A single-spore isolate of V. inaequalis (05/172) was obtained in 2005 from a lesion on a leaf of Malus x domestica cv. Worcester Pearmain from Ash Farm in Worcestershire, United Kingdom (4). DNA was extracted and sequenced by two methods: (i) DNA was extracted from mycelium using a Qiagen Genomic-tip 100/G kit; the tissue method of sample preparation was used according to the manufacturer’s protocol with options 3B and 4B (adapted to 200 µl proteinase K). Isolation of DNA followed the manufacturer’s protocol with options 5B and 6B. DNA was sent to the Earlham Institute (Norwich, UK), for sequencing using the Pacific Biosciences (PacBio) platform. (ii) DNA of the isolate was extracted for Passey et al. (5). Paired-end genomic libraries were prepared using a NEXTflex Rapid DNA-Seq version 14.02 library prep kit (Bioo Scientific) following the manufacturer’s protocol but modified by using Illumina adapters rather than NEXTflex barcodes. Libraries were validated using a fragment analyzer (Advanced Analytical Technologies), which confirmed a high proportion of library DNA fragments between 600 and 900 bp long. Libraries were sequenced using 2 × 300-bp reads on an Illumina MiSeq platform. Illumina adapters and low-quality base pairs were trimmed from 1,281,750 MiSeq reads with fastq-mcf version 1.04.636 (6).
PacBio sequencing reads (944,907 reads) were corrected, trimmed, and assembled with Canu version 1.2 (7), and the assembly was corrected with MiSeq reads using Pilon version 1.17 (8). Hybrid assembly with both PacBio and MiSeq reads was performed with SPAdes version 3.9.0 (9) and then merged with the Canu assembly using quickmerge version 0.2 (10); the merged assembly was corrected with the MiSeq reads using Pilon. The genome was assembled into 72.3 Mb in 238 contigs (Table 1).
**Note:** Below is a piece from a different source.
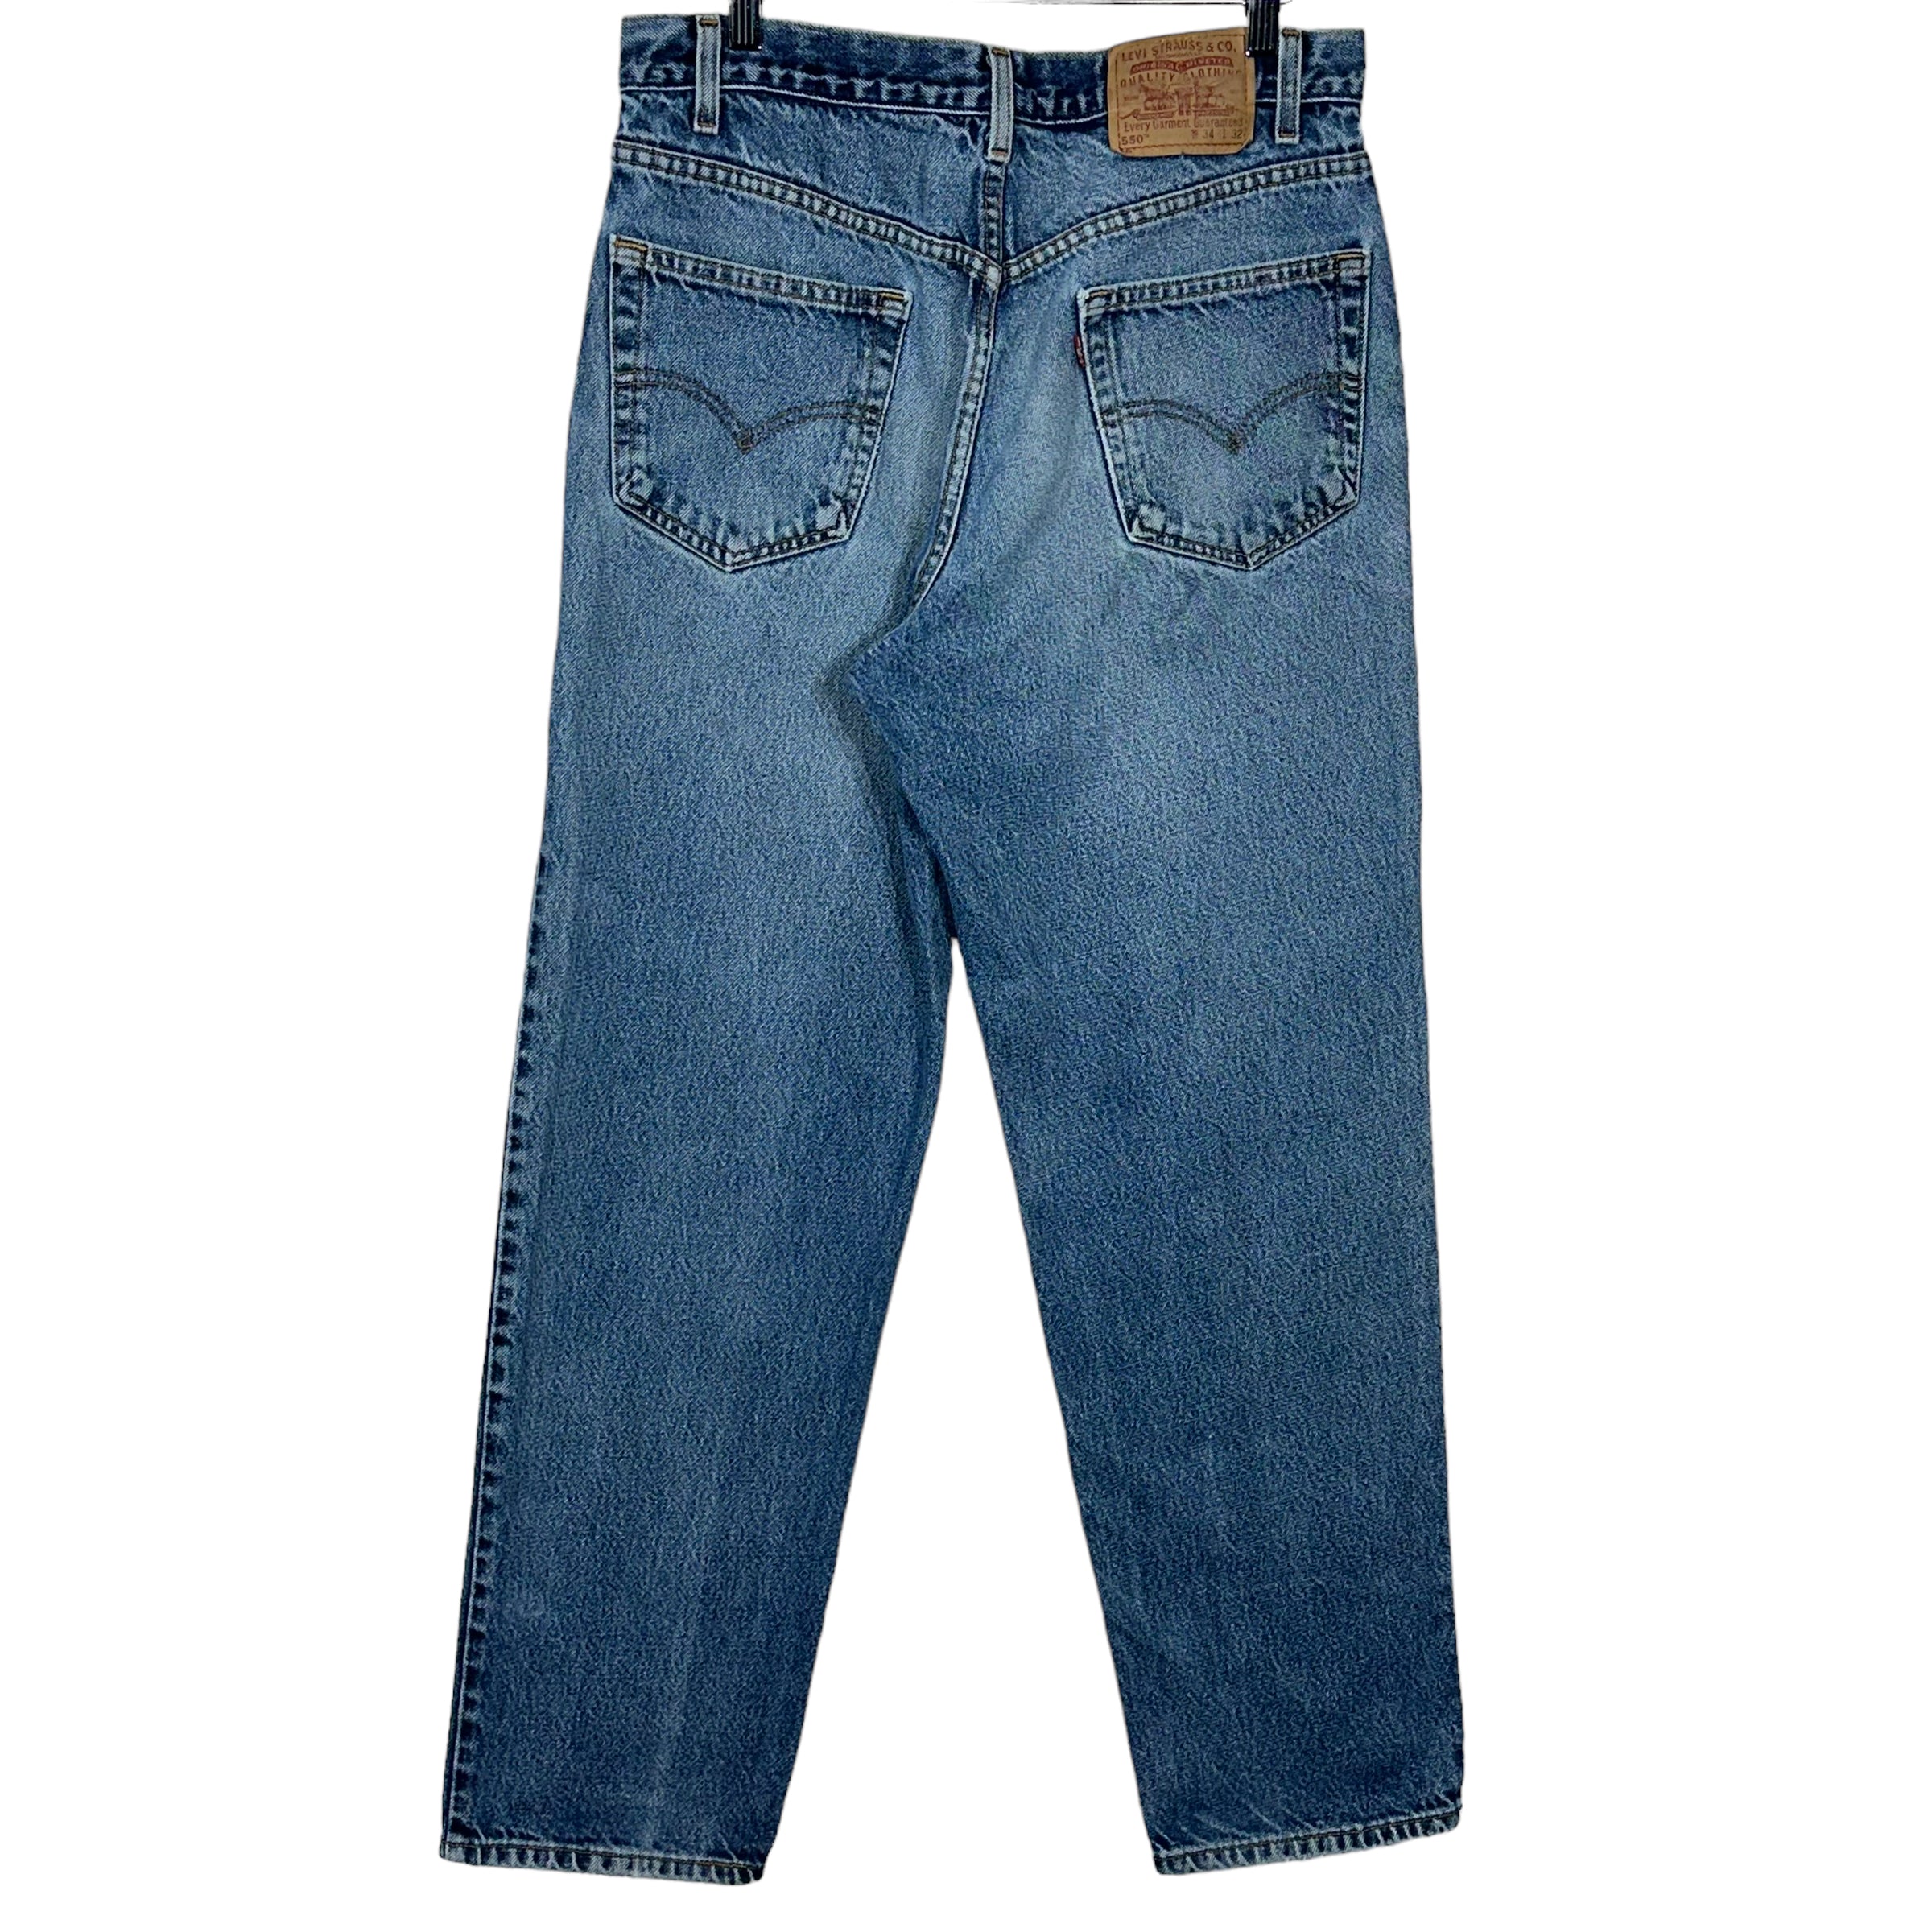 Vintage Levi's 550 Denim Jeans

Repetitive and low-complexity regions of the merged assembly were identified by repeat masking with RepeatMasker version 4.0.6 (http://www.repeatmasker.org) and TransposonPSI (release 08222010; http://transposonpsi.sourceforge.net), masking 34.2 Mb (47.3%) of the genome, of which 98.7% was due to transposable elements. Quality of the genome assembly was assessed by looking for benchmarking universal single-copy orthologs (BUSCO) with BUSCO version 3 (11) against the Ascomycota odb9 data set, identifying 1,286 (out of 1,315) as present in the assembly. Gene prediction was performed with the use of RNA sequencing (RNA-seq) data from Thakur et al. (12); RNA-seq data were aligned to the genome by STAR version 2.6 (13). A predicted 13,761 genes are present in the assembled genome; 11,597 genes were predicted by Braker1 (14), supplemented by 2,164 genes predicted by CodingQuarry (15) (in pathogen mode) in the intergenic regions of Braker1 gene models. Functional annotation of the genome was performed using Interproscan version 5.18-57.0 (16) and the July 2016 release of the Swiss-Prot database (17).
TABLE 1.
Statistic | Value for isolate 05/172 |
---|---|
No. of contigs | 238 |
Total length (bp) | 72,310,420 |
Largest contig (bp) | 3,847,617 |
GC content (%) | 42.75 |
N50 (bp) | 953,805 |
N75 (bp) | 531,805 |
L50 | 23 |
L75 | 49 |
Assembly produced by merged Canu and SPAdes assemblies using PacBio- and MiSeq-generated sequencing reads.
Data availability.
The Sequence Read Archive accession numbers are SRR5183052 for the Illumina MiSeq reads and SRR5183051 for the PacBio reads. This whole-genome shotgun project has been deposited at DDBJ/ENA/GenBank under the accession number QFBF00000000 (BioProject number PRJNA354841). The version described in this paper is the first version, QFBF01000000.
ACKNOWLEDGMENTS
We thank Tony Roberts for sample collection and single-spore isolation and Bethany Greenfield for library preparation of isolate 05/172 for PacBio sequencing. We also thank Richard Harrison for his advice and Michael Shaw for initial edits.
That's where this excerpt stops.